The station wagon is very spacious, with deep seats, covered in dark green vinyl. Radicz is glad to be inside the vehicle. He remains sitting on the cold seat for a minute, his hands resting on the steering wheel, and looks at the parking lot and the trees through the large windshield. The top part of the windshield is tinted emerald green, and it casts a strange hue on the white sky when you move your head. To the right of the steering wheel, there’s a radio. Radicz turns the knobs, but the radio doesn’t come on. His hand pushes the button on the glove compartment, and it opens; in the compartment there are papers, a ballpoint pen, and a pair of sunglasses.
Radicz passes over the back of the front seat to the rear. He examines the garments rapidly. They are new clothes, suits, shirts, women’s suits and pants, sweaters, all folded up in their plastic sacks. Next to himself, Radicz makes a pile of clothing, then piles of shoe boxes, ties, scarves. He stuffs the clothes into the pants, knotting the legs to make bundles. Suddenly, he remembers the transistor radio. He slips onto the front seat, his head on the floor, and his hands feel the object, lift it a little. He turns a knob, and this time music blares out, guitar notes that glide and flow like the song of birds at dawn.

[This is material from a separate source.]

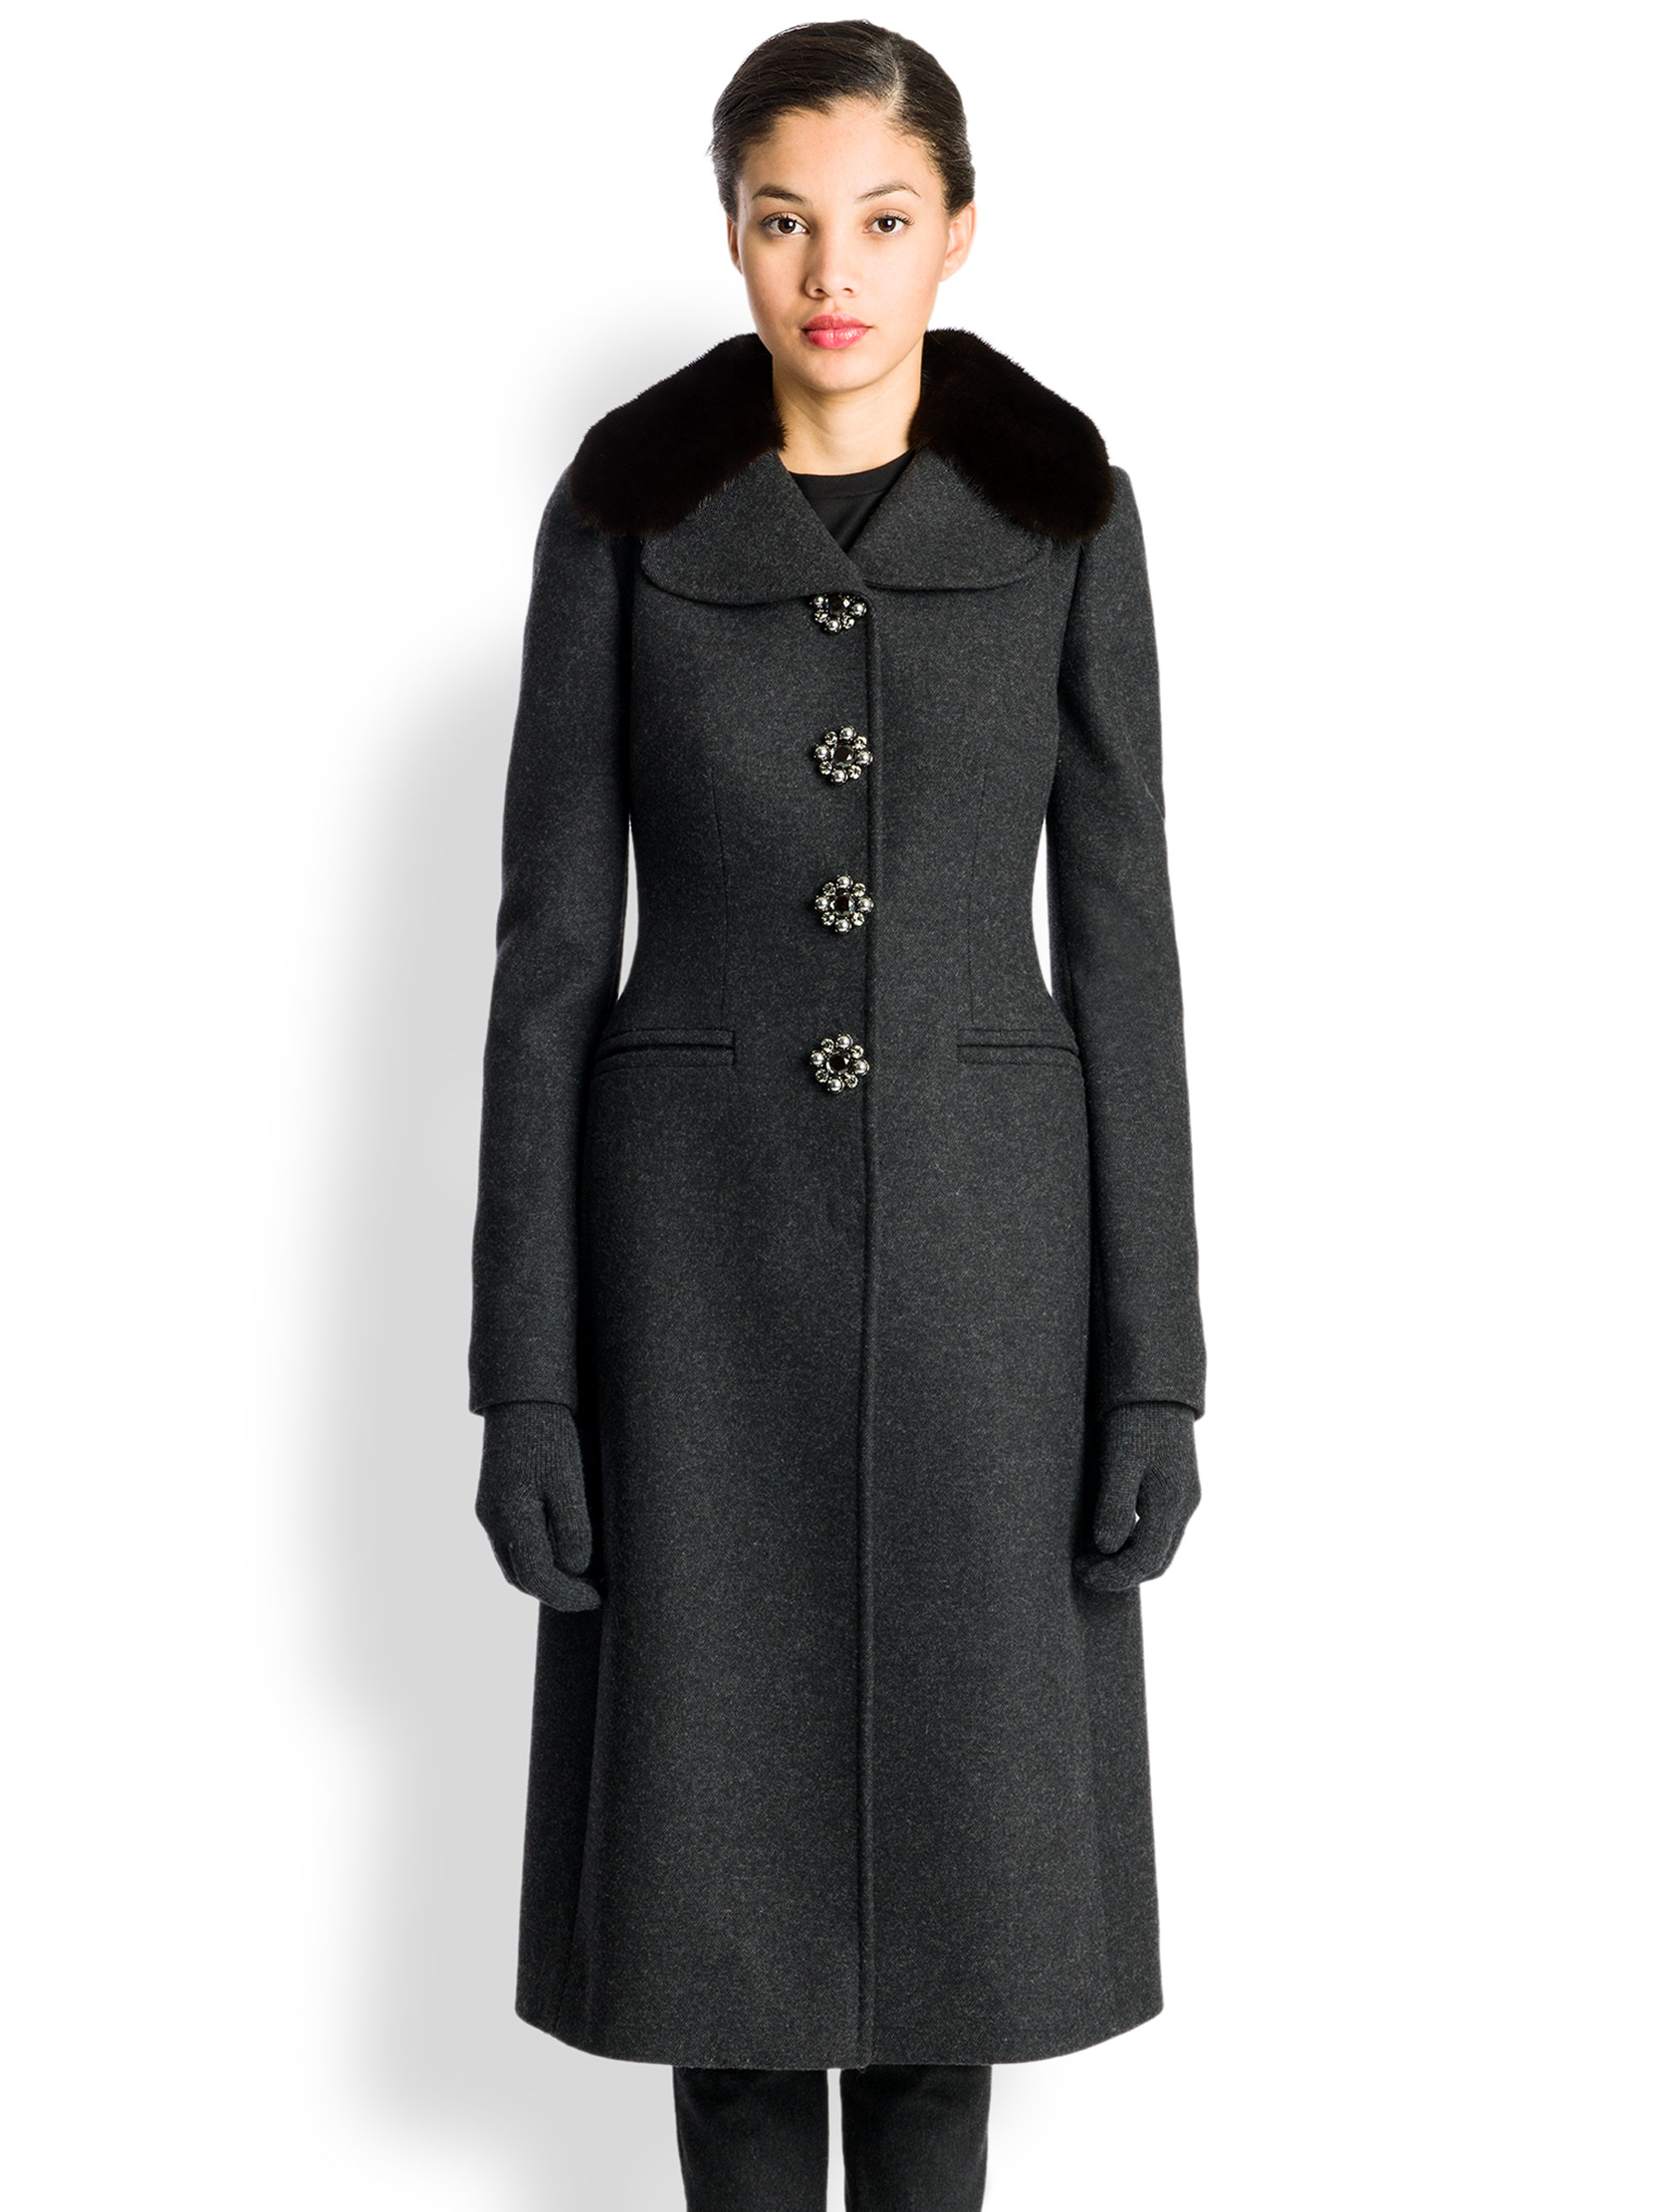 Lyst - Dolce & Gabbana Wool Fur-Trimmed Coat in Black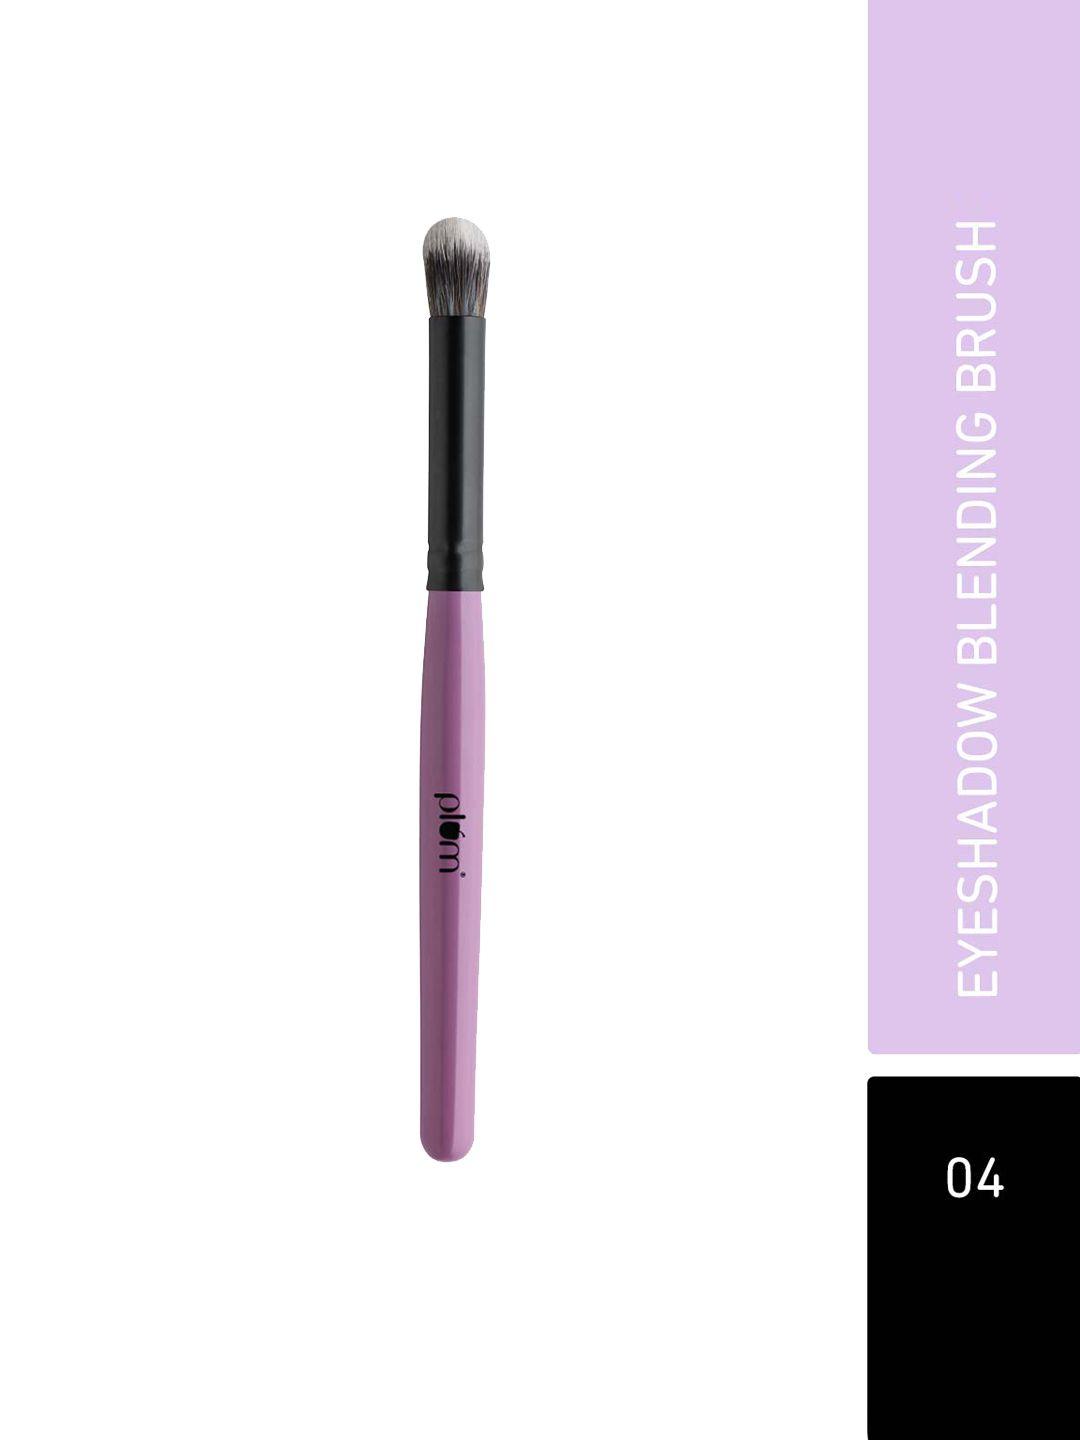 plum soft blend eyeshadow blending brush with ultra soft bristles - no. 04

That’s when he hears the sound of the police coming. He didn’t see them coming, maybe he didn’t even really hear them coming, the soft sound of tires on the tarred gravel of the circular alley, the rustling of a shade going up somewhere on the immense silent façade of the building, white with light; maybe it’s something else that alerted him, while he was there with his head down listening to the transistor radio’s bird music. Inside his body, behind his eyes, or else in his guts, something knotted up, clenched, and the void filled the body of the station wagon like a cold chill. So then he rose up and saw it.
The black police car is racing toward the alley of the parking lot. Its tires are making a wet sound on the tar and on the gravel, and Radicz can clearly see the faces of the policemen, their black uniforms. At the same time he feels the hard murderous look observing him from up on one of the balconies of the building, up where the shade has just gone quickly up.
Should he remain hidden in the large car, holed up like an animal? But he’s the one the police are coming after, he knows it, he’s sure of it. So his body suddenly uncoils, springs out of the front door of the station wagon, and he starts running on the sidewalk, in the direction of the wall surrounding the parking lot.
All at once, the black car accelerates, because the policemen have seen him. There’s the sound of voices, brief shouts that echo through the park, bounce off the tall white walls. Radicz hears the whistle blowing shrilly, and he hunches his shoulder up, as if it were bullets. His heart is pounding so hard he can barely hear anything else, as if the whole surface of the parking lot, the buildings, the trees in the park, and the asphalt alleys were all throbbing, quivering, and aching fitfully along with it.